Каски, прозрачные щиты, у каждого автомат. Затормозив у последней шеренги, Лакшин вышел.
– Что туту такое? – поинтересовался кум у ближайшего рядового.
– Кажись, зечки бузят… – ответил тот покосившись. От этого движения шлем слегка повернулся и солнечный блик от забрала на мгновение ослепил Лапшу.
– Давно стоишь?
– С утра. Как подняли, так и паримся тут. Даже не покурить…
– Почему разговоры!? – из ниоткуда возник взъерошенный старший лейтенант.
– Товарищ старлей, – оперативник сразу переключил внимание командира подразделения на себя, – я хотел бы узнать почему здесь этот парад?

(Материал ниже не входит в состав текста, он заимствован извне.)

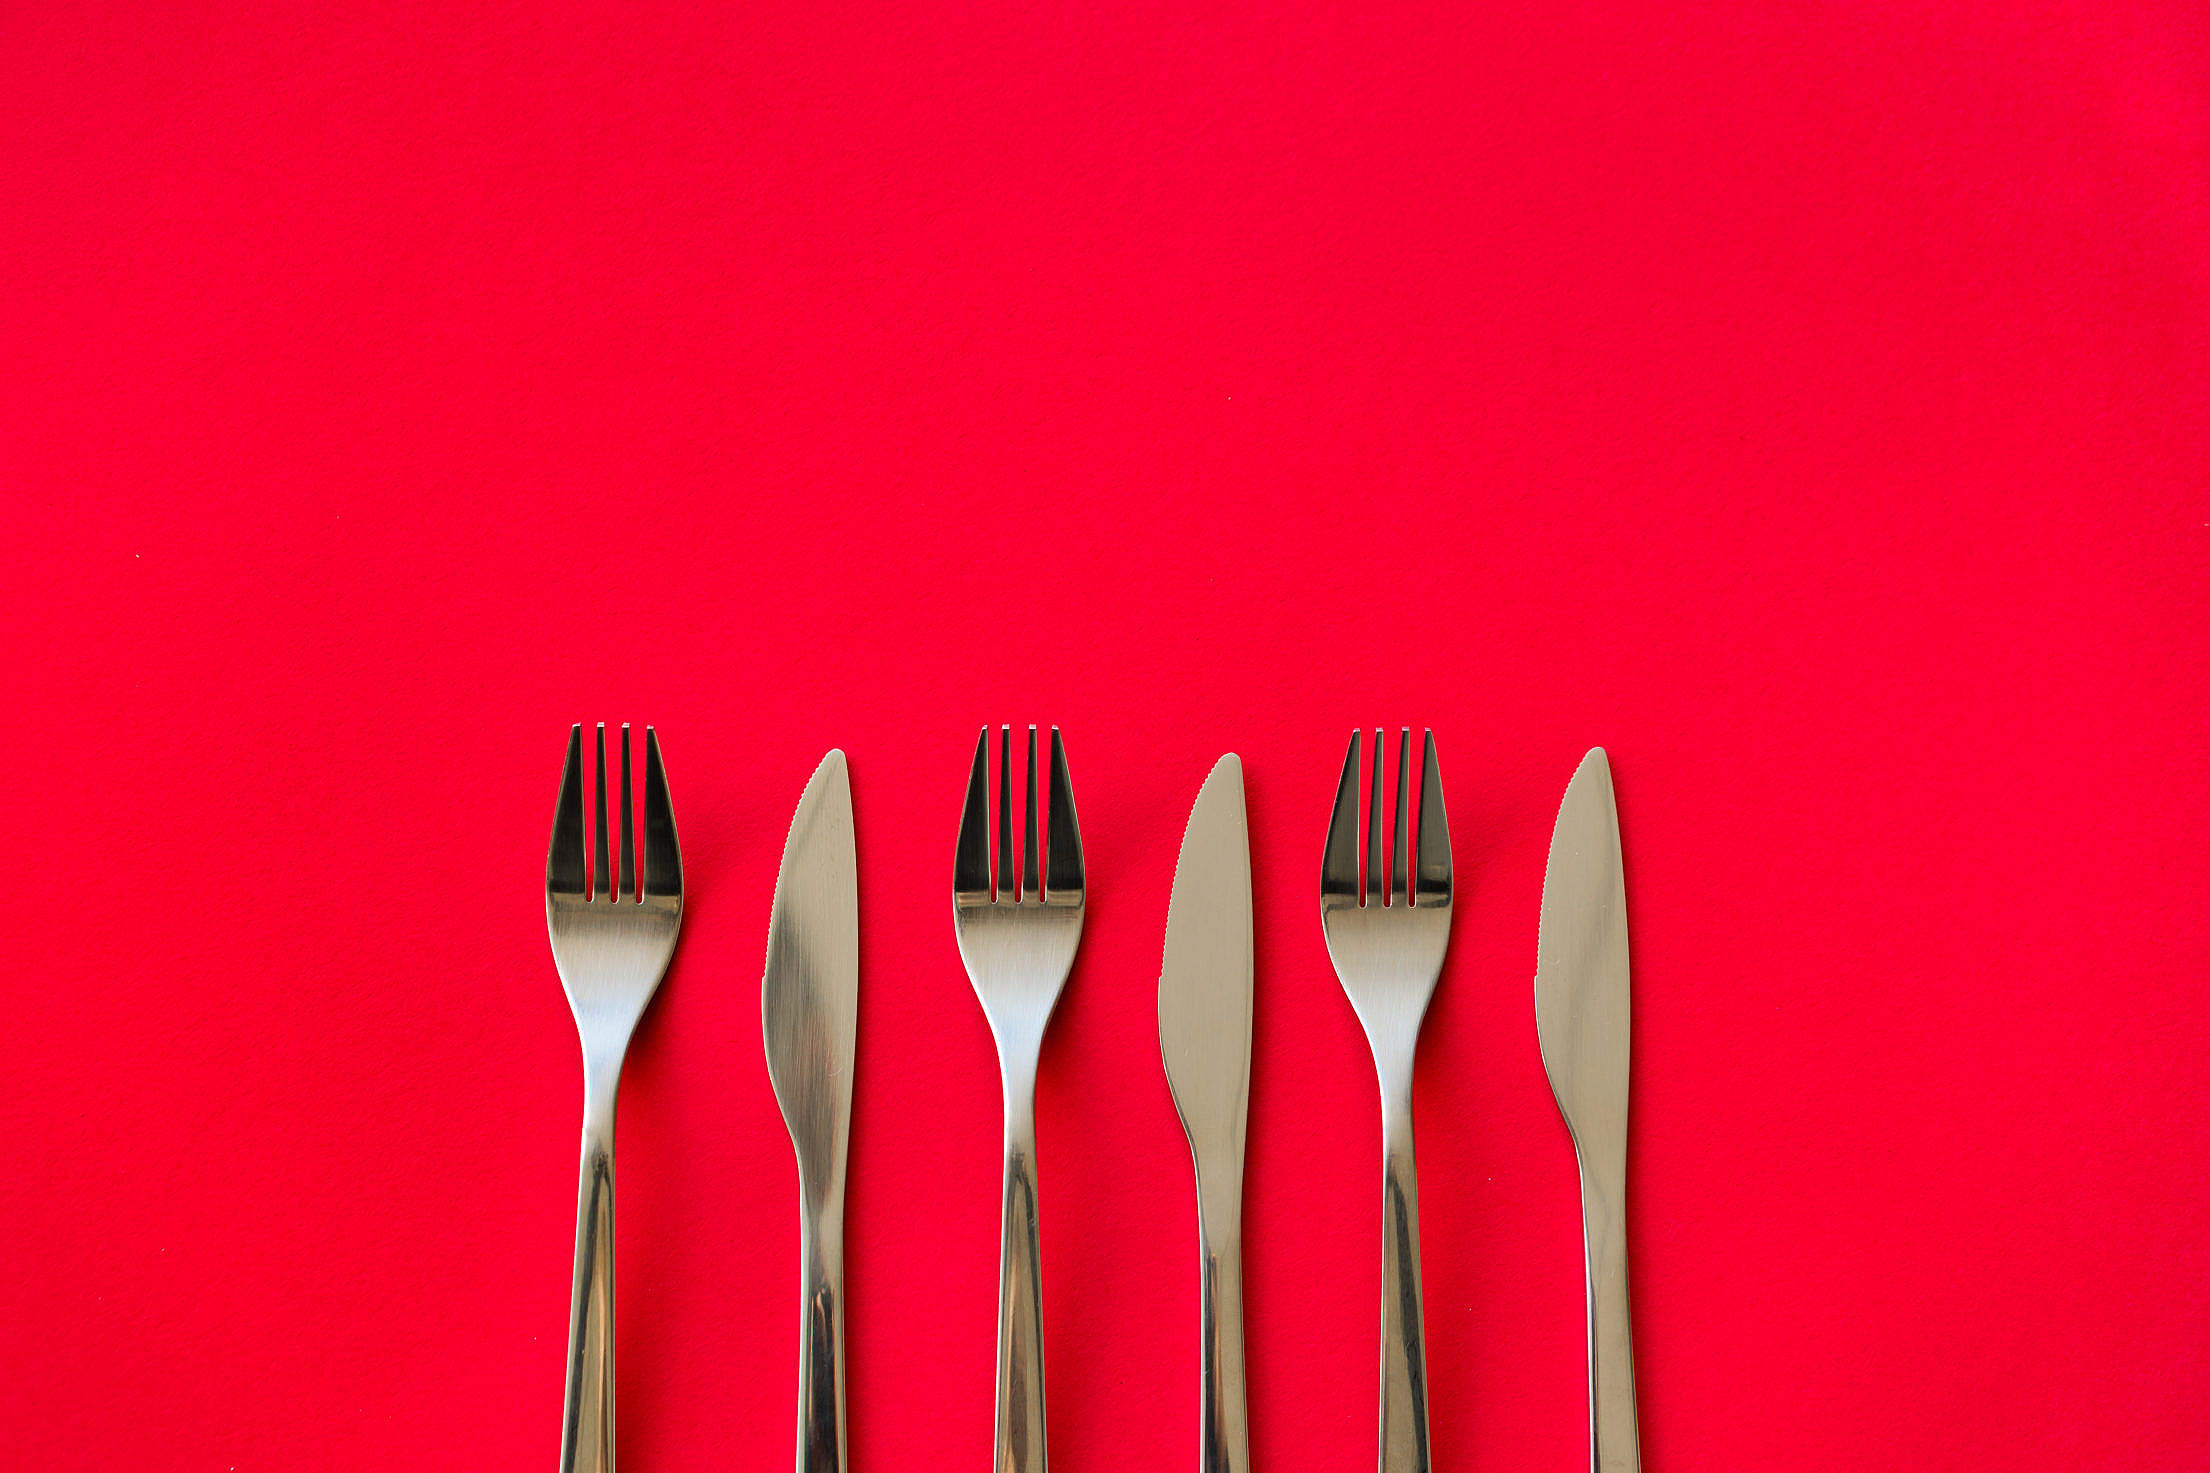 Cutlery Free Stock Photo

И, заодно, почему вы не приветствуете старшего офицера?
– Простите, товарищ майор! – старлей лениво отдал честь, как отмахнулся от летучего кровопийцы и выжидательно посмотрел на Игната Федоровича.
– Майор Лакшин. – Представился кум, – Начальник оперчасти учреждения АП 14/3.
– А, сосед… – вояка осклабился. – А ваши все там, – последовал медленный жест, в результате которого большой палец старлея показал на монастырскую стену. – Вас ждут что ли?
Лакшин не стал спорить, кивнул и, заставив командира посторониться, решительно зашагал вдоль солдатских рядов.
Дверь рядом с воротами оказалась раскрыта. Войдя внутрь, во влажную прохладу монастырской стены, кум не обнаружил решительно никого. Игнат Федорович уже бывал в женском лагере. Расположение зданий здесь было совершенно иным, нежели в его учреждении, но кабинеты администрации, по традиции, также находились в ограждающей зону дебелой стене. Простучав двери начальника колонии и всех его заместителей и не получив ответа, Лапша хотел, было, спуститься вниз, но внимание его привлек вид за окном. Там, на нешироком плацу стояли зечки. Судя по тому, что строй не помещался на плацу целиком, и был изогнут буквой "Г", на улицу выгнали все население лагеря.